Hand Planes

In this section of the newsletter, I am planning to share information and resources specifically related to hand tools. Each month I want to share information about hand tools, their use, and their makers that I think you will find interesting. This is a new concept and I want to encourage Guild members to let me know if this is useful information and you would like to see this continue. 

The first installment is from a recent blog post from the Lost Art Press website by Megan Fitzpatrick. It focuses on the parts of a typical hand plane and how it can be adjusted. This information is excerpted from “The Essential Woodworker” by Robert Wearing. I have this book and highly recommend it for those interested in traditional woodworking, especially those interested in hand tool woodworking. 

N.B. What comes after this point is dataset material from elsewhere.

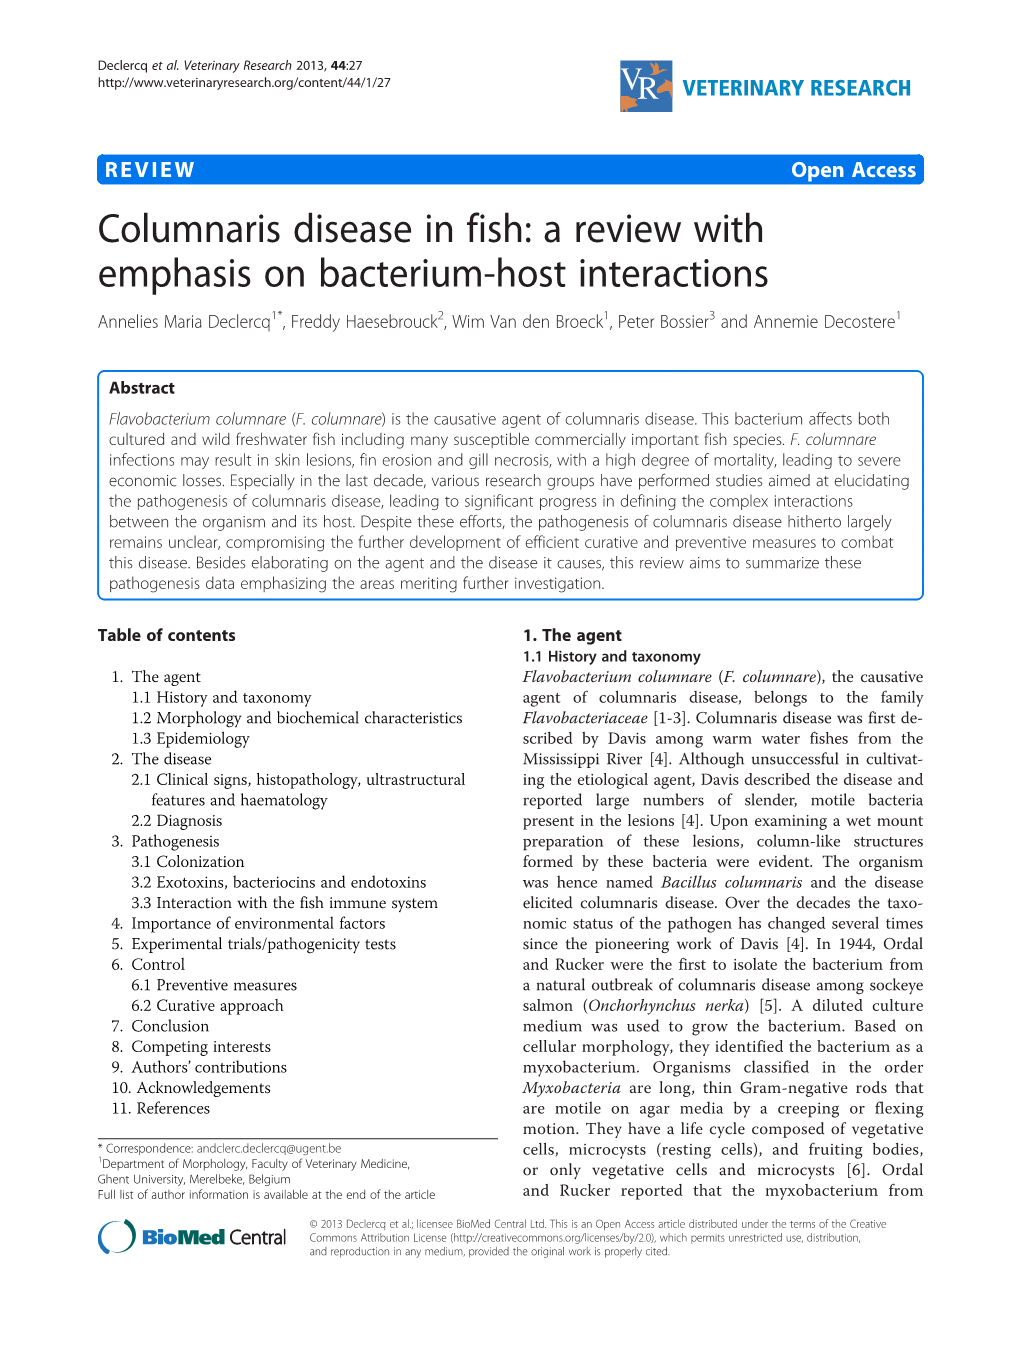 Columnaris Disease in Fish

Fig. 1 – Adjustable iron plane. A-Body, B-Frog, C-Cutting iron, D-Cap iron, E-Lever cap, F-Cap iron screw, G-Lever cap screw, H-Knob nut and screw, I-Knob, J-Handle nut and screw, K-Handle, L-Lateral adjusting lever, M-Y adjusting lever, N-Cutter adjusting wheel, O-Frog screws, P-Frog adjusting screw. 

Excerpted from “The Essential Woodworker,” by Robert Wearing. 

In order fully to understand the workings of the metal plane it is a good idea, particularly for the beginner, to strip down the plane to its smallest component. If you have an old or secondhand plane this is a good opportunity to renovate it. Even if the plane is mis-assembled and maladjusted, no damage can be done to it. Figure 1 shows the structure quite clearly and gives the correct names to all the components. It will be seen that there are three distinct adjustments. 

The depth of cut, that is the thickness of shaving removed, is controlled by the cutter adjusting wheel. The wheel running up and down a left-hand thread operates the Y lever. This in turn engages in the Y lever socket of the cap iron (or breaker), which it moves up or down. The blade is secured to the cap iron and is moved by it. 

The second adjustment is lateral. The lateral lever has a circular stud at its end. When the plane is assembled it must be made certain that this stud fits into the slot in the blade. Movement of the lever thus moves the cutting edge sideways, preventing one corner from digging in. 

The third adjustment is commonly called closing or opening the mouth. The whole frog is moved forward with the blade and the effect is to alter the size of the gap in front of the blade. The lever cap screw should be just sufficiently tight to make sideways movement of the blade with the fingers difficult but not impossible.